Ankara Barosu’nun bu tavsiye niteliği taşıyan asgari ücret tarifeleri, meslektaşlarımız ve kıymetli müvekkillerimizin adil bir hizmet sunma ve alımı için bir yol haritası sunar. Bu tarifelerin Adalet Bakanlığı’nın onayına tabi olması, güvenilirliği ve şeffaflığı artırır ve avukat-müvekkil ilişkileri açısından da gerçekleştirilecek hukuki işlemler için daha güvenilir bir çerçeve sunar.

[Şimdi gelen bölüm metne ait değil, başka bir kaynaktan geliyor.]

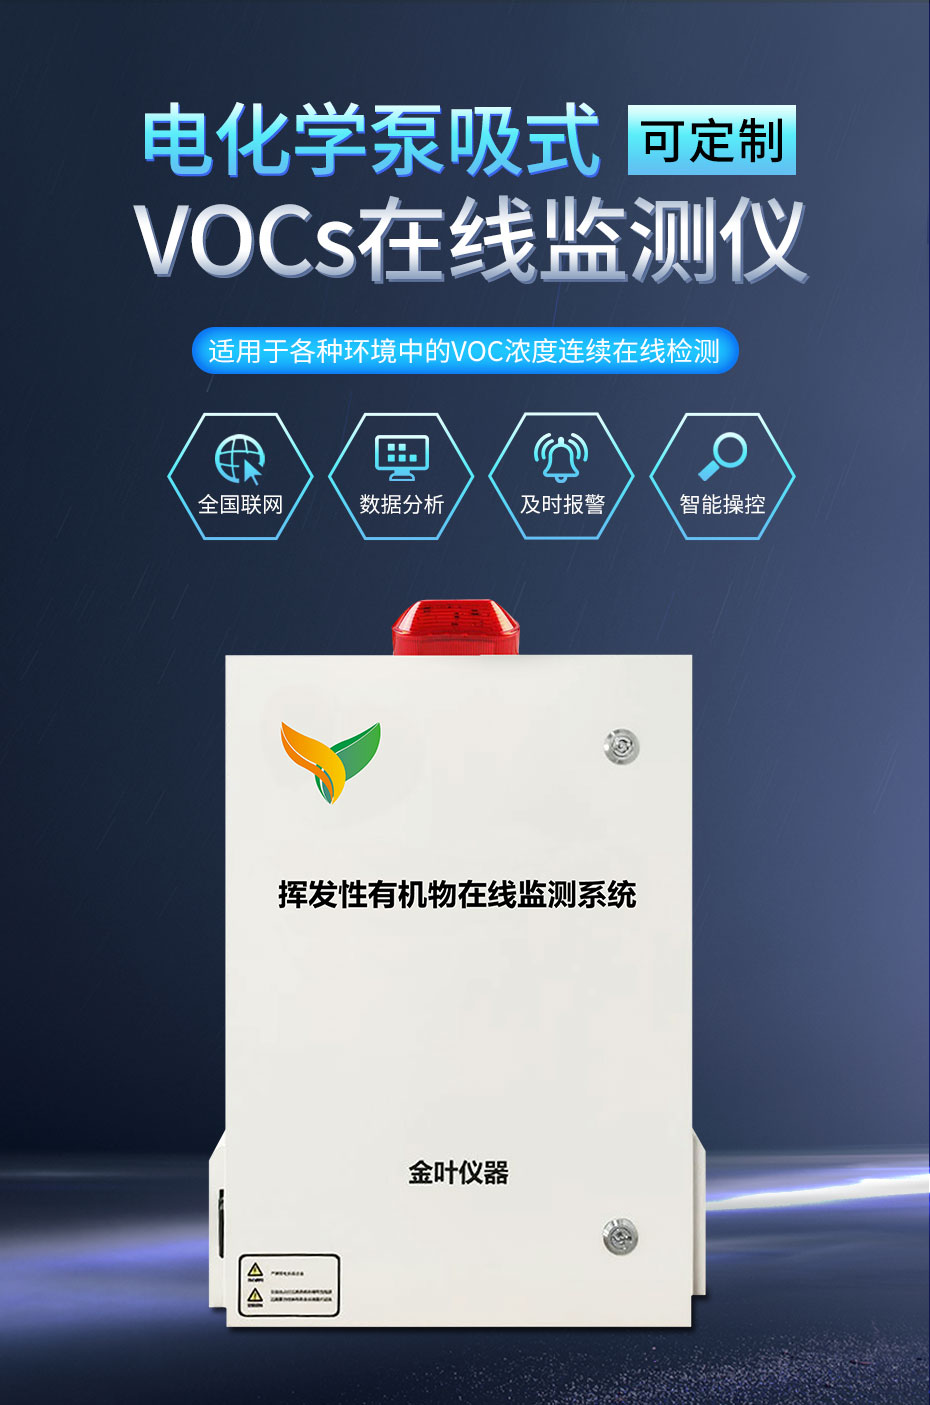 VOCS在线监测系统功能

Netice itibariyle, idari hukuk davalarında Ankara idari dava avukatı ücretleri mali açıdan ciddi bir yük olarak görülse de idari hukuk alanında uzman bir Ankara avukatına danışmamak daha fazla gider yapılmasına yol açmaktadır. Ancak doğru bir Ankara avukatıyla ve Akademik Hukuk & Danışmanlık gibi doğru bir hukuk bürosuyla iş birliği yaparak adil bir sonuca ulaşmak mümkündür.
Konusunda uzman bir Ankara idari dava avukatından destek almak, doğru ve hukuki açıdan sağlam bir konumda olmanıza yardımcı olabilir. Konusunda uzman Ankara idari dava avukatından ile istediğiniz yerden görüntülü ve farklı şekilde iletişim kurmak ve bilgi almak için Online Danışmanlık Sistemimizden randevu alabilirsiniz.